Nvidia (NASDAQ: NVDA) stock is currently down 12% from its all-time high. It suffered a sharp sell-off in January after China-based start-up DeepSeek asserted that it had trained a competitive artificial intelligence (AI) model using a fraction of the computing power that had been deployed by leading U.S.-based developers like OpenAI.
Investors feared that DeepSeek’s techniques would be adopted by other AI developers, leading to a substantial drop in demand for Nvidia’s high-end graphics processing units (GPUs), which are the best hardware available for developing AI models. However, those concerns might have been overblown.
Google parent Alphabet (NASDAQ: GOOG)(NASDAQ: GOOGL) is a big buyer of Nvidia’s AI data center chips, and on Feb. 4, its CEO, Sundar Pichai, made some comments that should make Nvidia’s investors feel much better.
DeepSeek was established in 2023 by a successful Chinese hedge fund called High-Flyer, which had been using AI to build trading algorithms for years. DeepSeek released its V3 large language model (LLM) in December 2024, followed by its R1 reasoning model in January, and their competitiveness with some of the latest models from OpenAI and other start-ups got the tech sector buzzing.

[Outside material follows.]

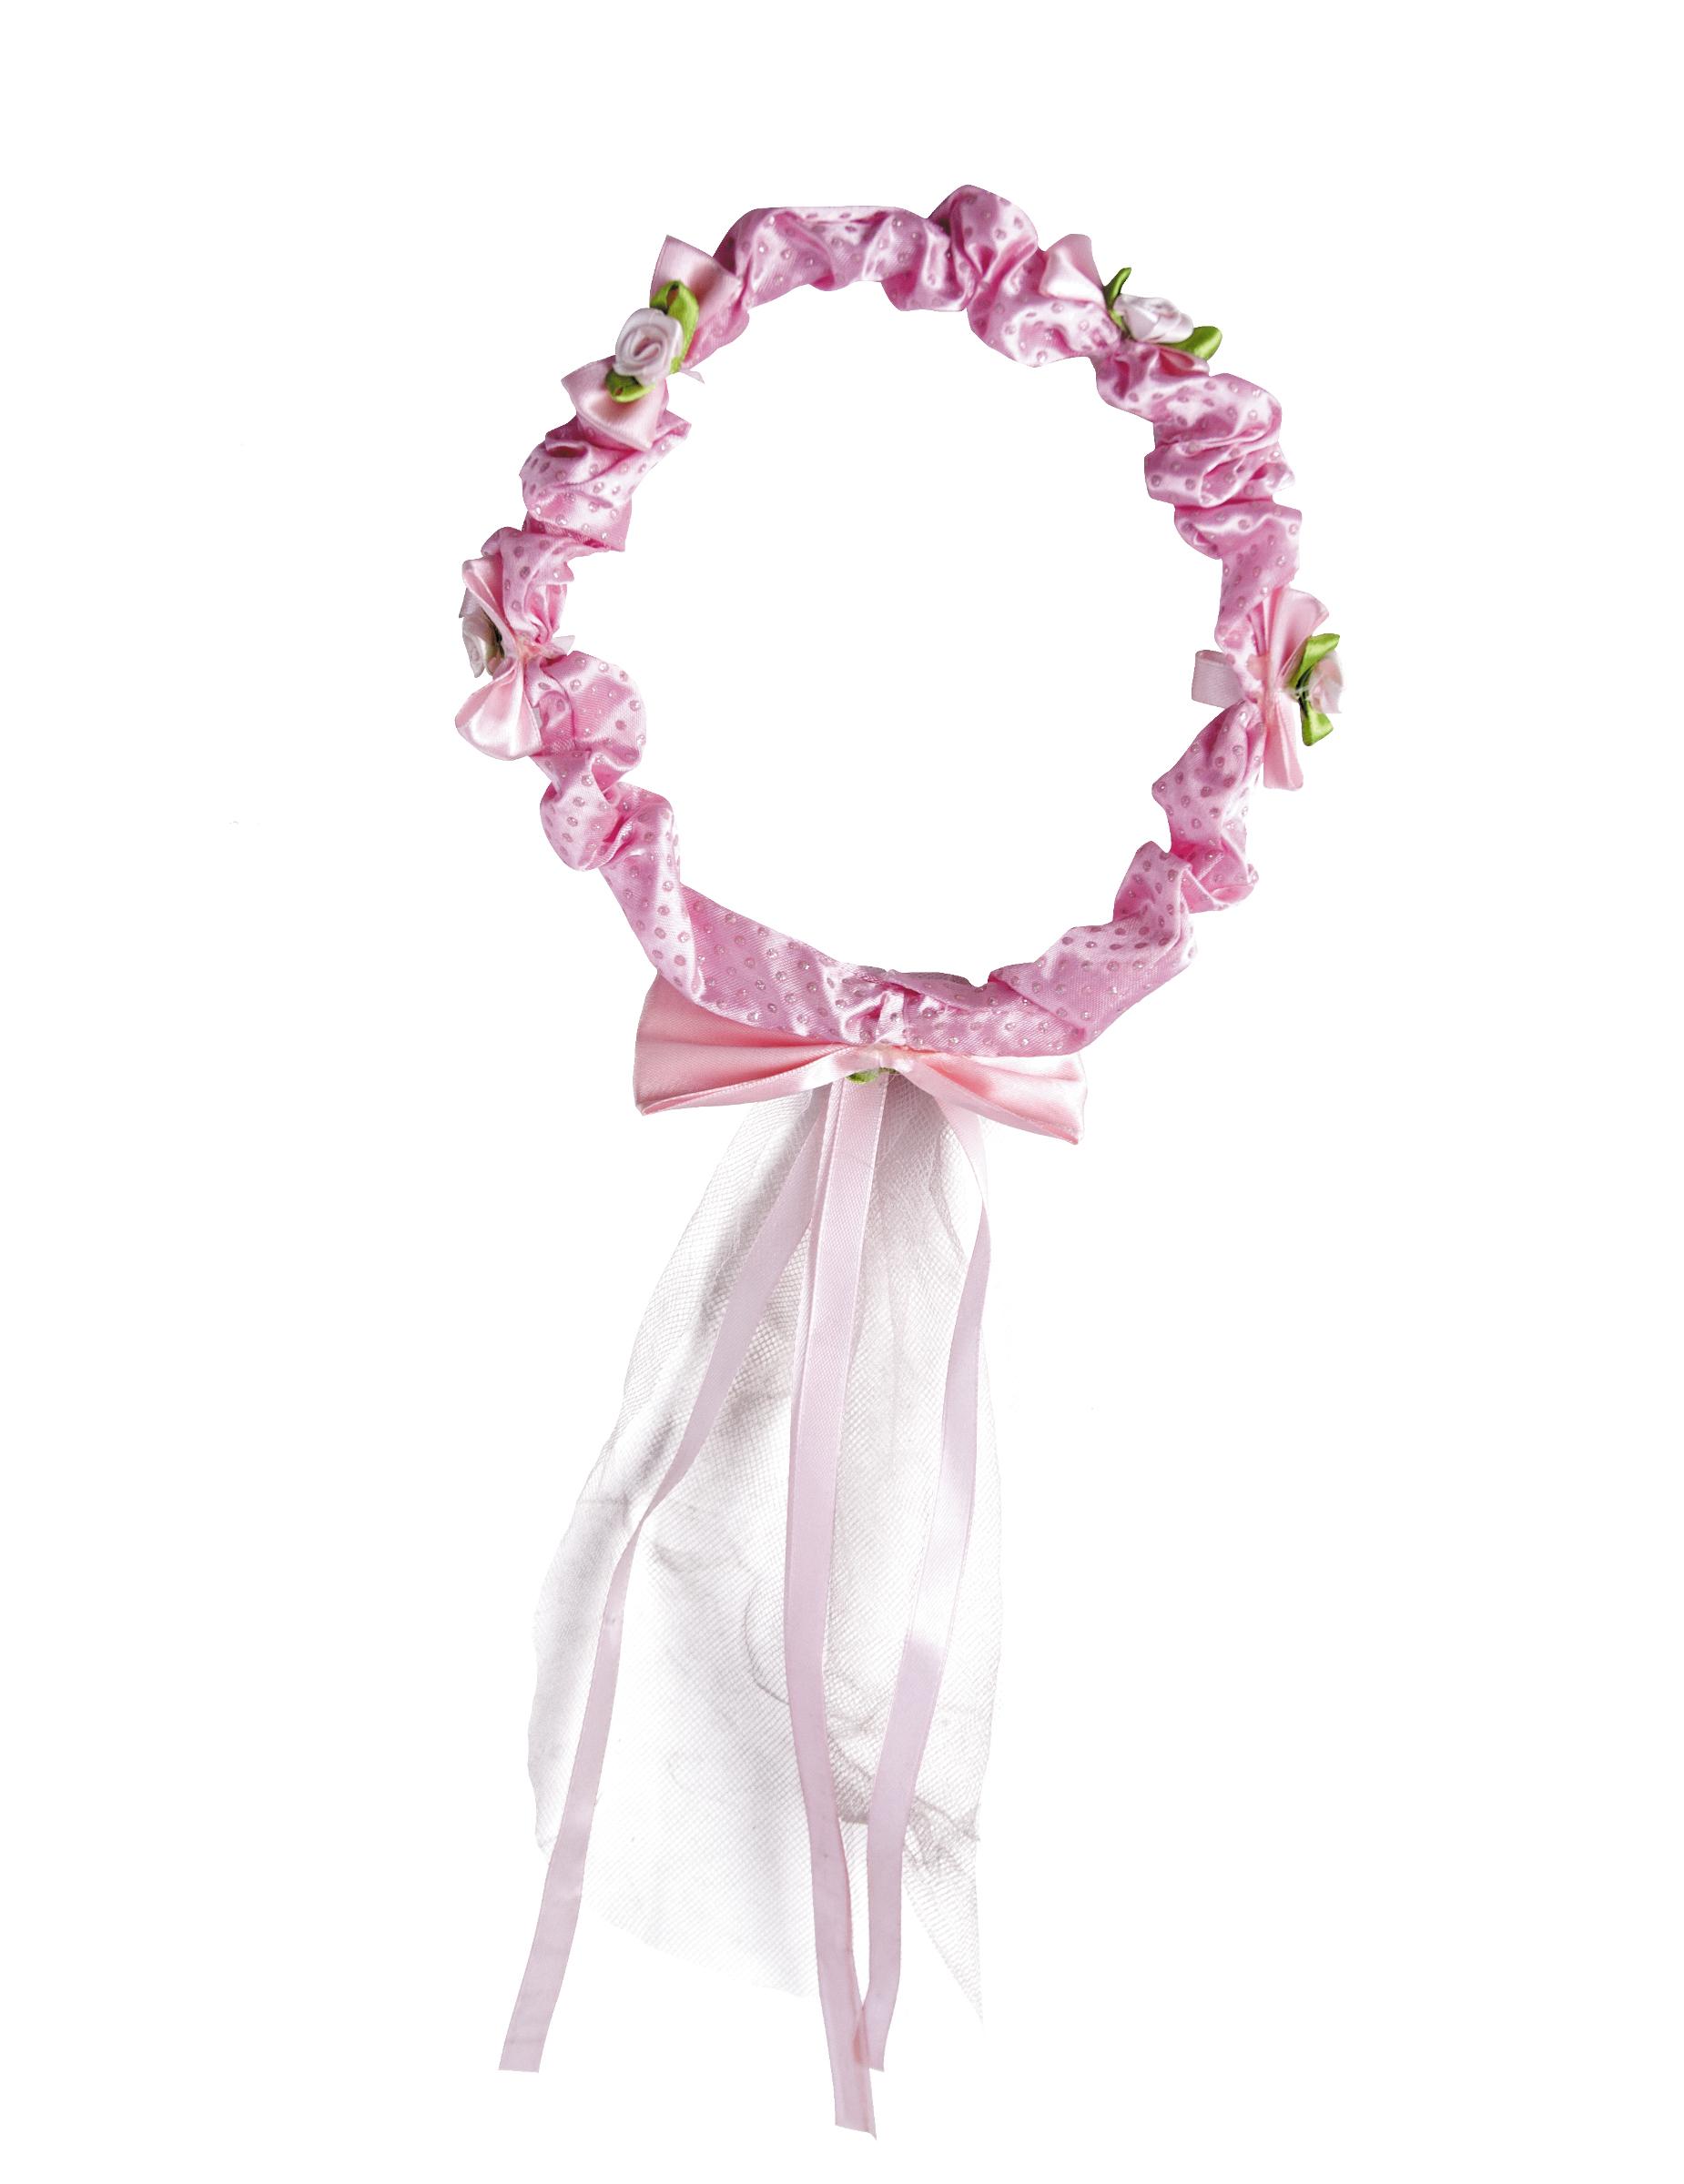 Corona de flores rosas con lazo para Nia Accesoriosy disfraces

Since DeepSeek’s work is open source, the industry quickly learned some important details. The start-up claims to have trained V3 for just $5.6 million (not including an estimated $500 million in chips and infrastructure, according to SemiAnalysis), which is a drop in the bucket compared to the tens of billions of dollars spent by companies like OpenAI to reach their current stage of development.
DeepSeek also used older generations of Nvidia’s GPUs like the H100, because the U.S. government banned the chip maker from selling its latest hardware to Chinese firms (to protect America’s AI leadership).
It turns out DeepSeek implemented some unique innovations on the software side to make up for the lack of computational power. It developed highly efficient algorithms and data input methods, and it also used a technique called distillation, which involves using the knowledge from an already-successful large AI model to train a smaller model.
In fact, OpenAI has accused DeepSeek of using its GPT-4o models to train DeepSeek R1, by prompting the ChatGPT chatbot at scale to “learn” from its outputs. Distillation rapidly speeds up the training process because the developer doesn’t have to collect or process mountains of data. As a result, it also requires far less computing power, which means fewer GPUs.